The Order of the Phoenix is generally seen as one of the better entries in the series. It received moderately positive reviews when it first released, but the fan reception has generally been much more positive. It earned several Scream Awards presented by Spike TV, for Best Sequel, and Ralph Fiennes (Voldemort) for “Most Vile Villain.” It won three awards at the inaugural ITV National Movie Awards, for Best Family Film, Best Actor (Daniel Radcliffe as Harry Potter) and Best Actress (Emma Watson, for Hermoine Granger). David Yates won Best Director at the 13th Empire Awards. Years later, the BAFTA Awards gave David Yates a special Artistic Excellence for directing the last four Harry Potter movies, which includes this one. At the 2008 BAFTA Awards, the movie also received nominations for both the Visual Effects and Best Production Design. The Visual Effects Society gave it the Outstanding Special Effects in a Motion Picture award, out of 3 nominations.

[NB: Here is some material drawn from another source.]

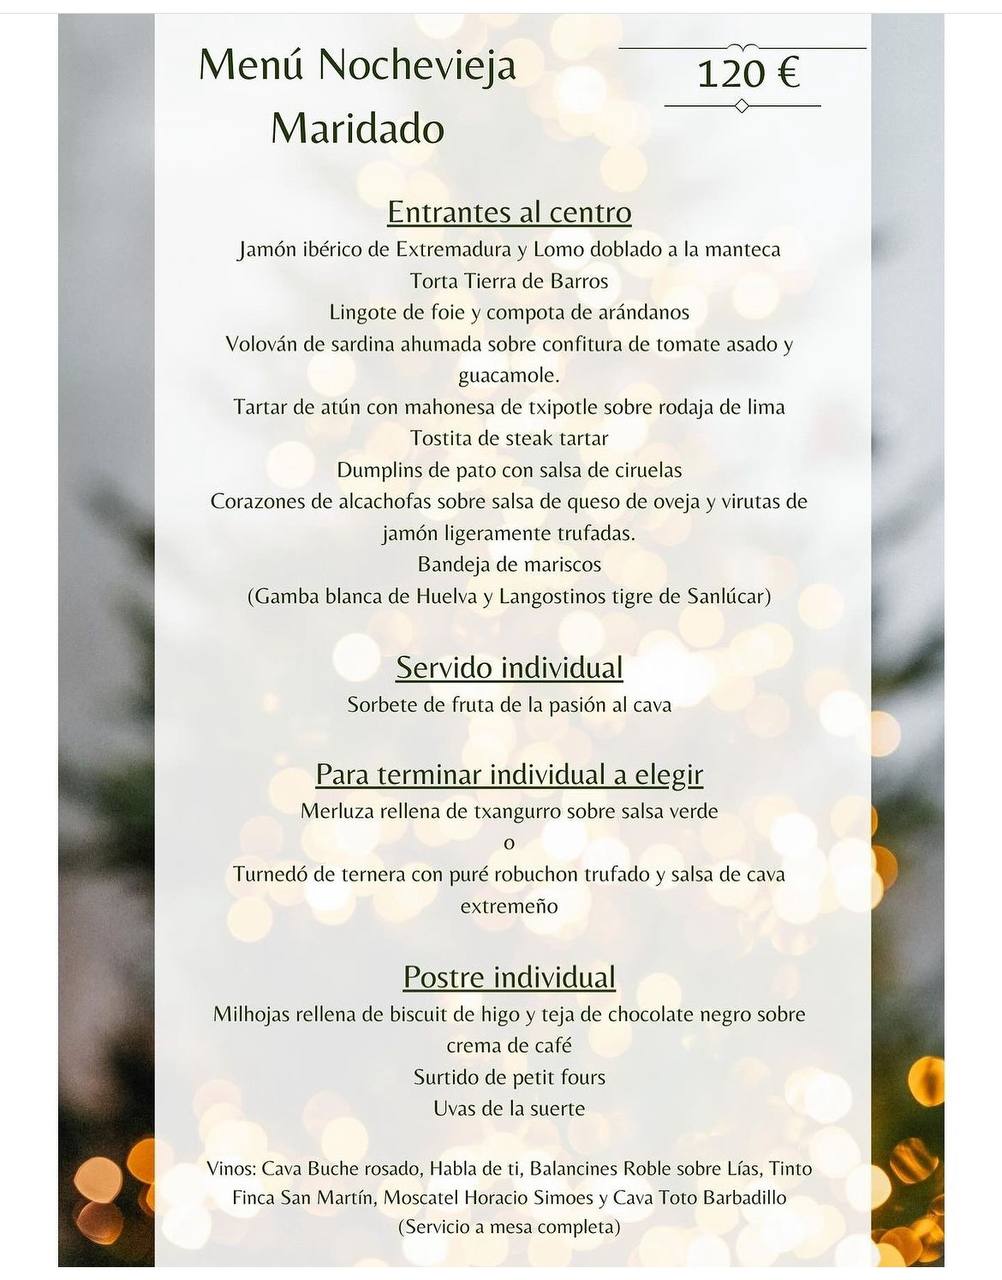 Restaurante Ábako-Menús De Navidad y Nochevieja

I wouldn’t recommend this as a starting point for the Harry Potter series, speaking from experience. That said, this is a brilliant movie in its own right. It contains a lot of character drama. It realistically explores political themes about abuses of power and how propaganda can affect the general public’s mindset. It’s got several brilliant action scenes, most notably the battle in the movie’s climax. All the darker elements of the story are balanced out with its fun elements. It’s a visual spectacle that holds up well today. Most people tend to agree that the best Harry Potter movie is between 3 and 5, and one could make a strong argument for either of them, but for me personally, this is my favourite.
Next up is actually my least favourite movie in the series, The Half-Blood Prince, despite the book being my favourite of the 7. Then I’ll wrap this series up next month with the two Fantastic Beasts movies after Deathly Hallows. I’m strongly considering doing a Sean Connery month in January, and then doing a couple odds and ends in February while I decide what my next monthly theme will be.